House debates

Monday, 24 August 2020

Bills

Family Assistance Legislation Amendment (Improving Assistance for Vulnerable and Disadvantaged Families) Bill 2020; Second Reading

5:26 pm

Photo of Sharon ClaydonSharon Claydon (Newcastle, Australian Labor Party) Share this | Hansard source

I'm very pleased to rise this afternoon in the House to make a contribution to this debate on the Family Assistance Legislation Amendment (Improving Assistance for Vulnerable and Disadvantaged Families) Bill 2020 and to lend my support to the amendment moved by the shadow minister for early childhood education, Amanda Rishworth, the member for Kingston.

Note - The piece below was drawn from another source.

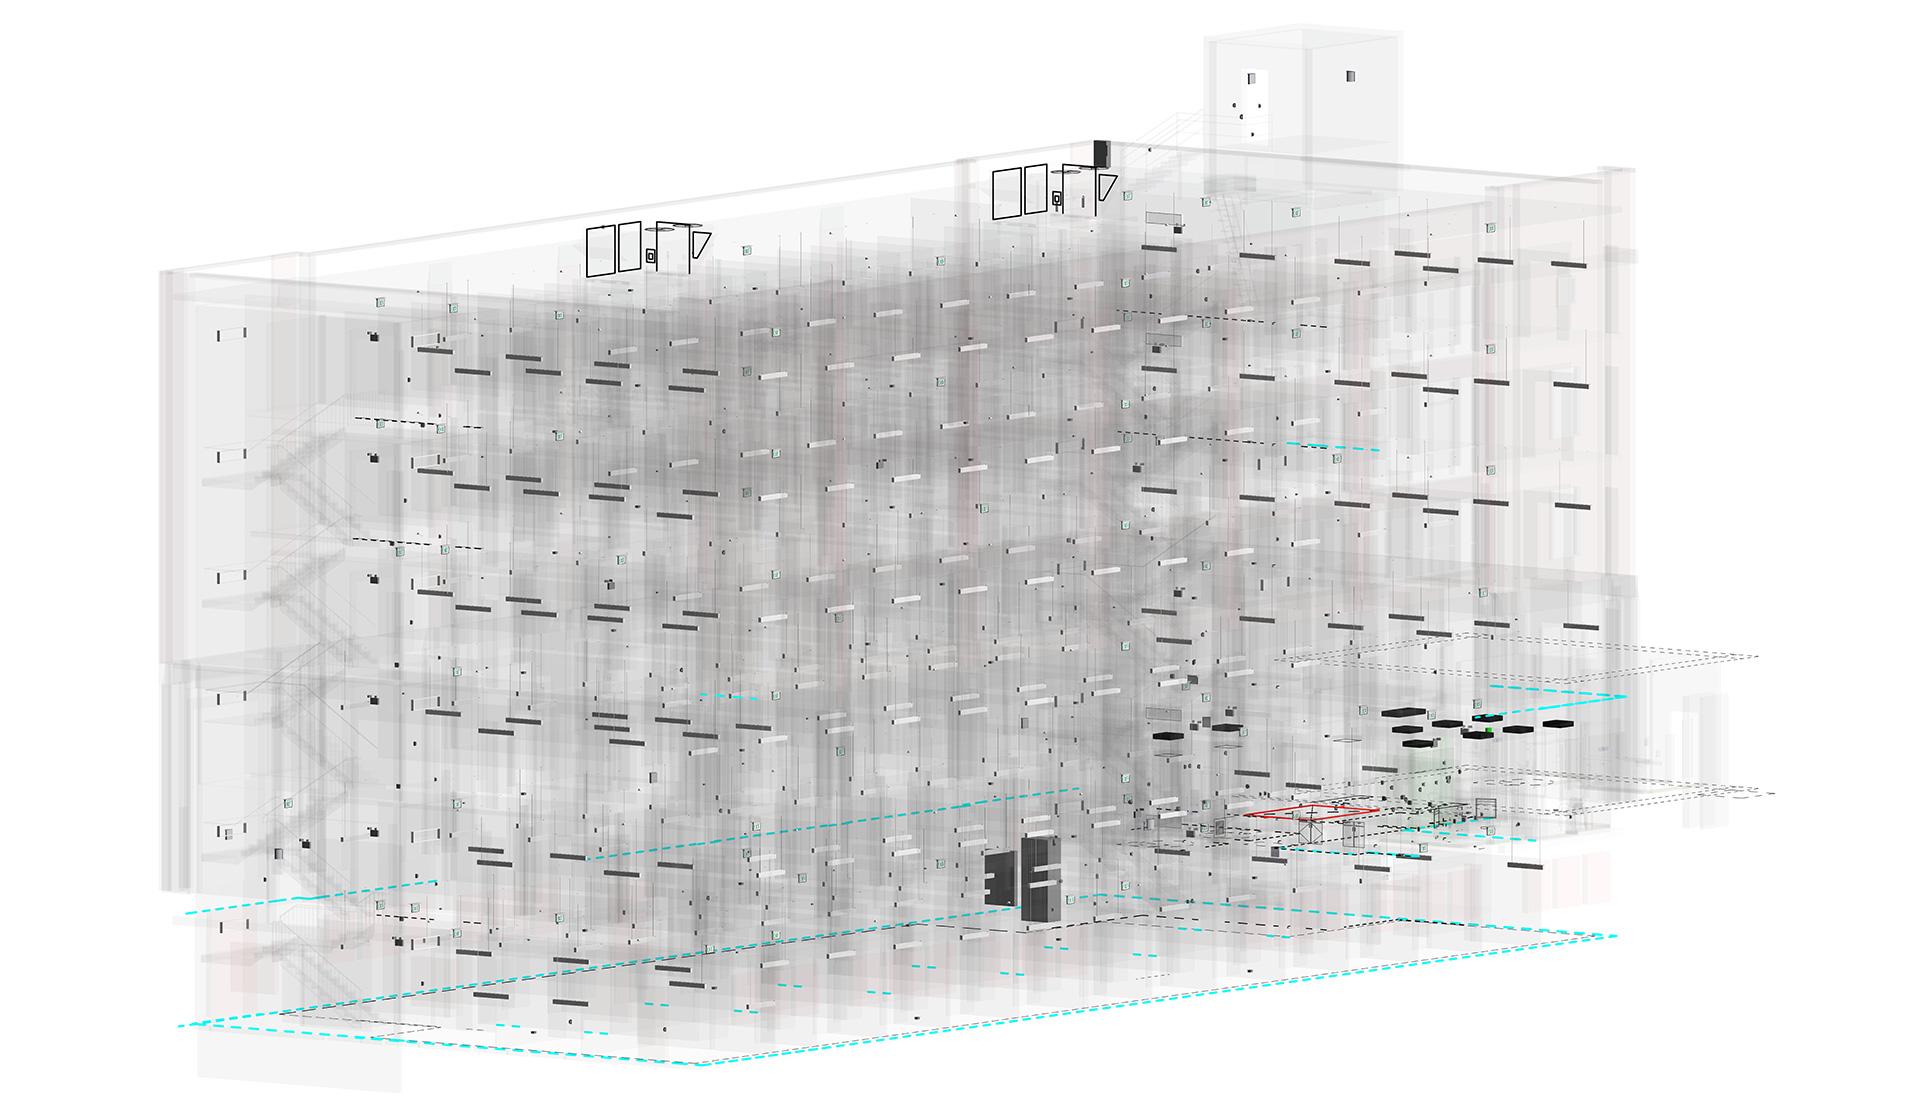 3D-Electrical-BIM-Model-Commercial-Revit-Modeling-by-United-BIM

Early childhood education has been one of the worst-managed portfolios under this government. Even before the pandemic, it was a disaster area. It was complex. It was slow. It was smashing families' budgets. Indeed, out-of-pocket costs soared by 7.2 per cent in one year alone before the pandemic hit. So I certainly knew—and I'm sure my electorate is not unique in this respect—that families were already struggling with childcare expenses prior to COVID-19. In the face of the pandemic, enrolments plummeted in all of our early childhood learning centres, and the government announced its so-called free childcare plan. It may have removed the gap payment for parents, but let's be very clear here: 'free' it most certainly was not. Indeed, early childhood centres paid a very heavy price for the government's cynical marketing exercise, as they saw their income capped at 50 per cent of the usual fee. So childcare centres were actually being forced to cover the cost of the Prime Minister's promise. It was pushing many of those centres to the brink. This is the secret the government doesn't want you to know.

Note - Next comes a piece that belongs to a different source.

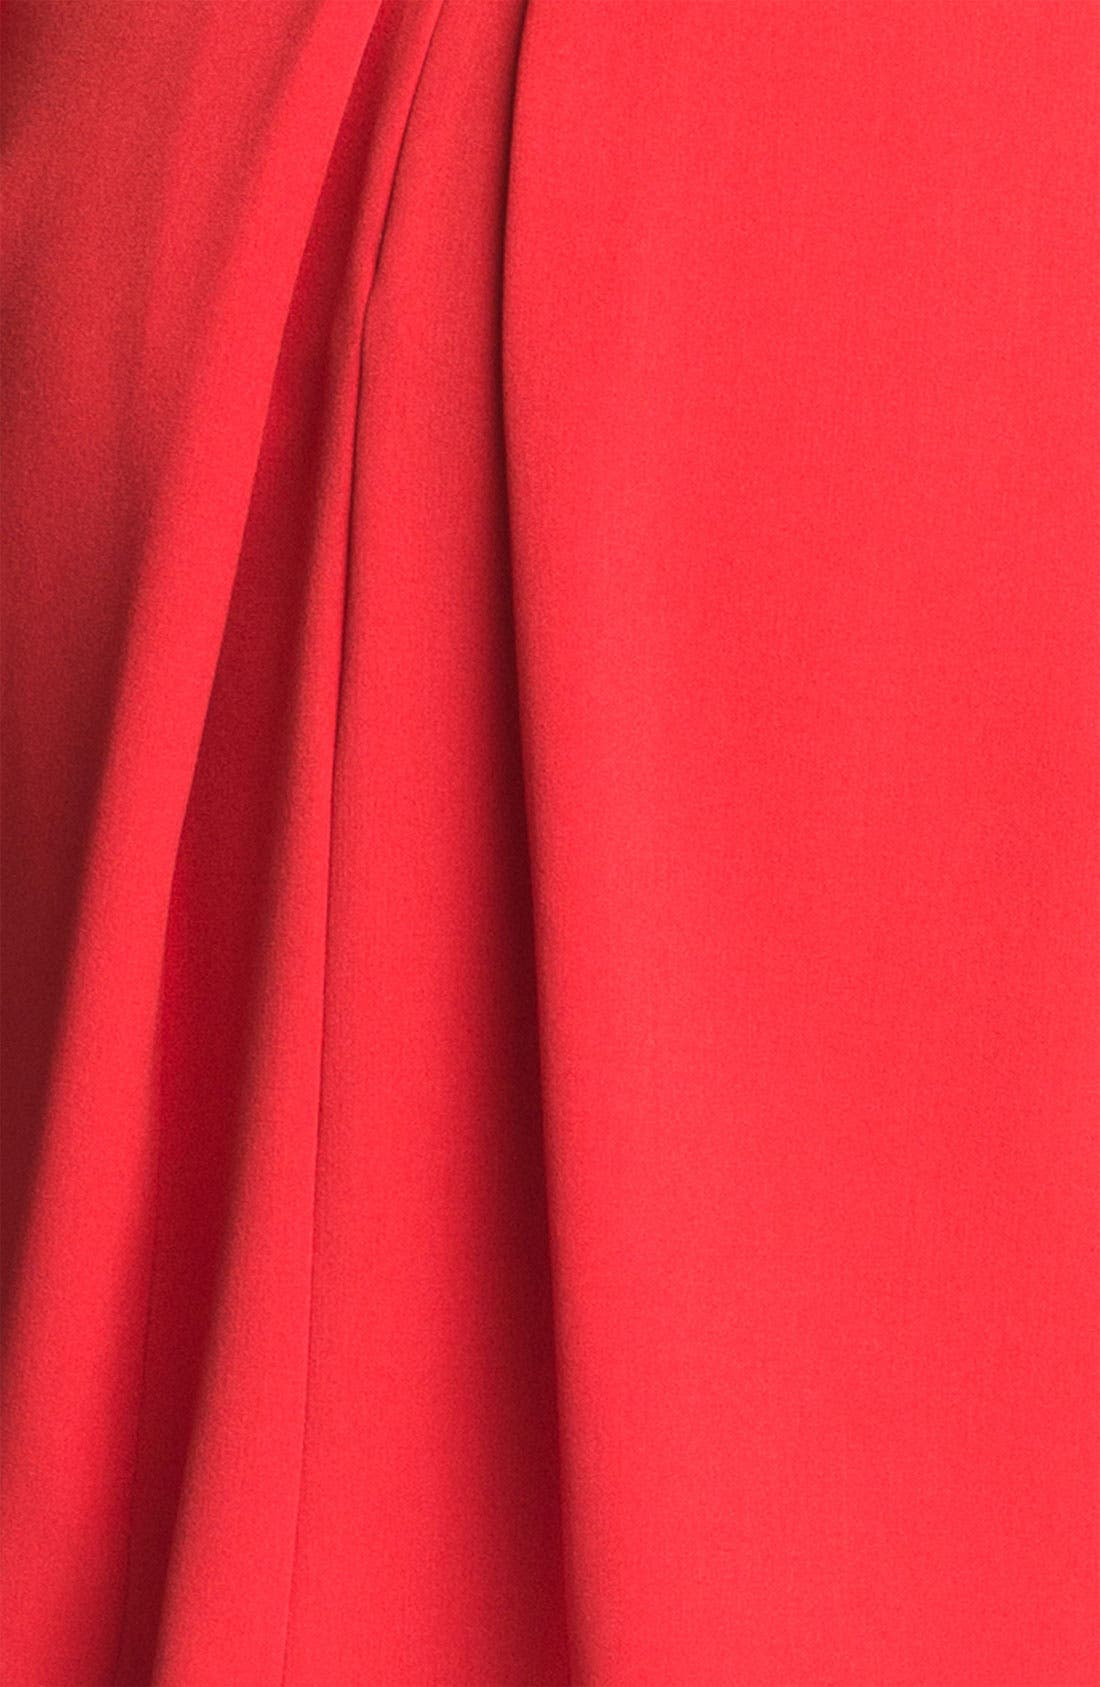 Belted A-Line Dress,                             Alternate thumbnail 2, color,                             600

In my electorate of Newcastle I was contacted by a number of centres that were on the edge of closure as a result of the government's disingenuous policy. I cannot convey to the House the level of distress that both parents and childcare centre operators conveyed to me during those very, very anxious months and days. They told me that staffing each of the centres was also something of a nightmare because, as children returned to care, centres needed to employ more staff to be able to comply with ratios. But, of course, they couldn't do this, because of their newly reduced income and the fact that many of their staff were simply not eligible for JobKeeper. Many early childhood educators lost hours or were stood down at centres they worked for, and they struggled enormously during that time to keep their heads above water—both the providers and the staff who either were losing hours or, indeed, were stood down. Let's not forget that many of them were not eligible for JobKeeper at that time.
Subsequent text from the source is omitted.